I'm currently working on using paralellism in a Flux. Right now I'm having problems with the backpressure. In our case we have a fast producing service we want to consume, but we are much slower. With a normal flux, this works so far, but we want to have parallelism. What I see when I'm using the approach with
.parallel(2)
.runOn(Schedulers.parallel())
that there is a big request on the beginning, which takes quite a long time to process. Here occurs also a different problem, that if we take too long to process, we somehow seem to generate a cancel event in the producer service (we consume it via webflux rest-call), but no cancel event is seen in the consumer.
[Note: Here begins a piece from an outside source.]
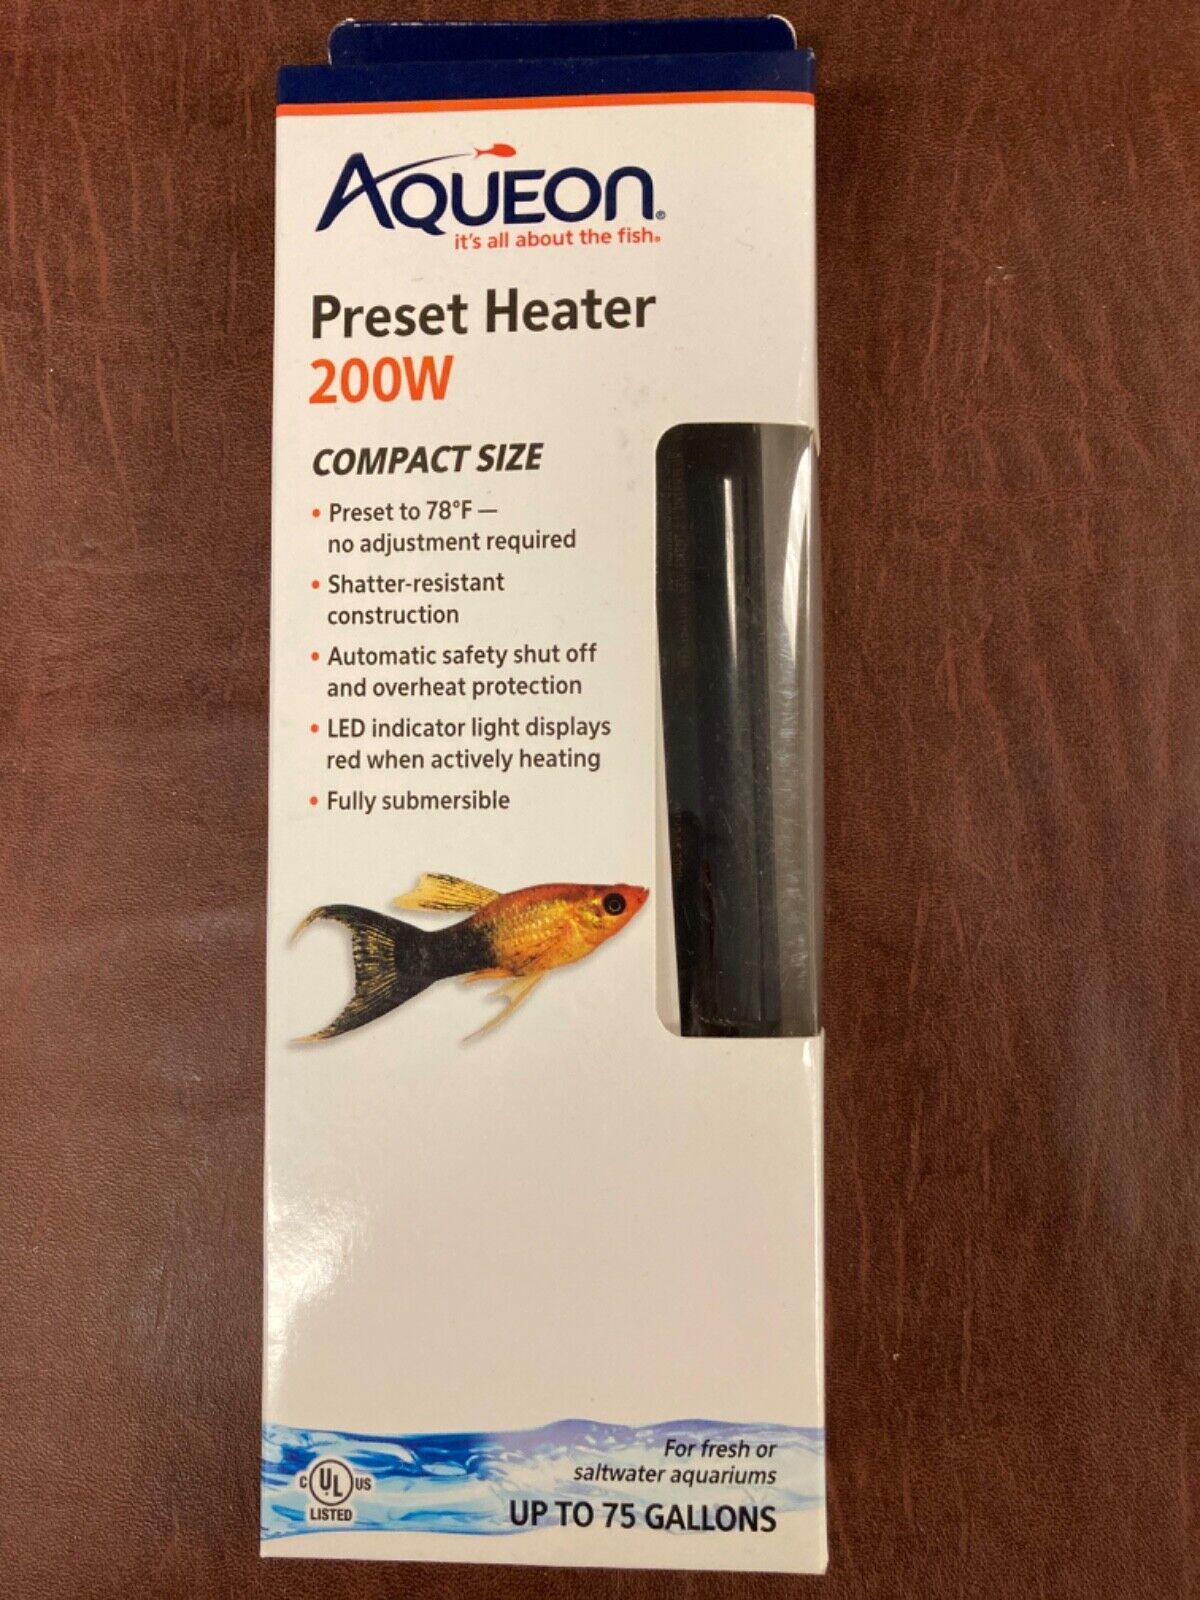 AQUEON PRESET HEATER 200W COMPACT SIZE-UP TO 75 GALLONS-FRESH OR SALTWATER-NEW - $21.48

But back to problem 1, how is it possible to bring this thing back to sync. I know of the prefetch parameter on the .parallel()
method, but it does not work as I expect.
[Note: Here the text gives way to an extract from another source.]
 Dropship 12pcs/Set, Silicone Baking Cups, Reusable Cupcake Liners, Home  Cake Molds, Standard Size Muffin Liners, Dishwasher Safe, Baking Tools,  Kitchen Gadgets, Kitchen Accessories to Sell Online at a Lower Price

A minimum example would be something like this
fun main() {
val atomicInteger = AtomicInteger(0)
val receivedCount = AtomicInteger(0)
val processedCount = AtomicInteger(0)
Flux.generate<Int> {
it.next(atomicInteger.getAndIncrement())
println("Emitted ${atomicInteger.get()}")
}.doOnEach { it.get()?.let { receivedCount.addAndGet(1) } }
.parallel(2, 1)
.runOn(Schedulers.parallel())
.flatMap {
Thread.sleep(200)
log("Work on $it")
processedCount.addAndGet(1)
Mono.just(it * 2)
}.subscribe {
log("Received ${receivedCount.get()} and processed ${processedCount.get()}")
}
Thread.sleep(25000)
}
where I can observe logs like this
...
Emitted 509
Emitted 510
Emitted 511
Emitted 512
Emitted 513
2022-02-02T14:12:58.164465Z - Thread[parallel-1,5,main] Work on 0
2022-02-02T14:12:58.168469Z - Thread[parallel-2,5,main] Work on 1
2022-02-02T14:12:58.241966Z - Thread[parallel-1,5,main] Received 513 and processed 2
2022-02-02T14:12:58.241980Z - Thread[parallel-2,5,main] Received 513 and processed 2
2022-02-02T14:12:58.442218Z - Thread[parallel-2,5,main] Work on 3
2022-02-02T14:12:58.442215Z - Thread[parallel-1,5,main] Work on 2
2022-02-02T14:12:58.442315Z - Thread[parallel-2,5,main] Received 513 and processed 3
2022-02-02T14:12:58.442338Z - Thread[parallel-1,5,main] Received 513 and processed 4
So how could I adjust that thing that I can use the parallelism but stay in backpressure/sync with my producer? The only way I got it to work is with a semaphore acquired before the parallelFlux and released after work, but this is not really a nice solution.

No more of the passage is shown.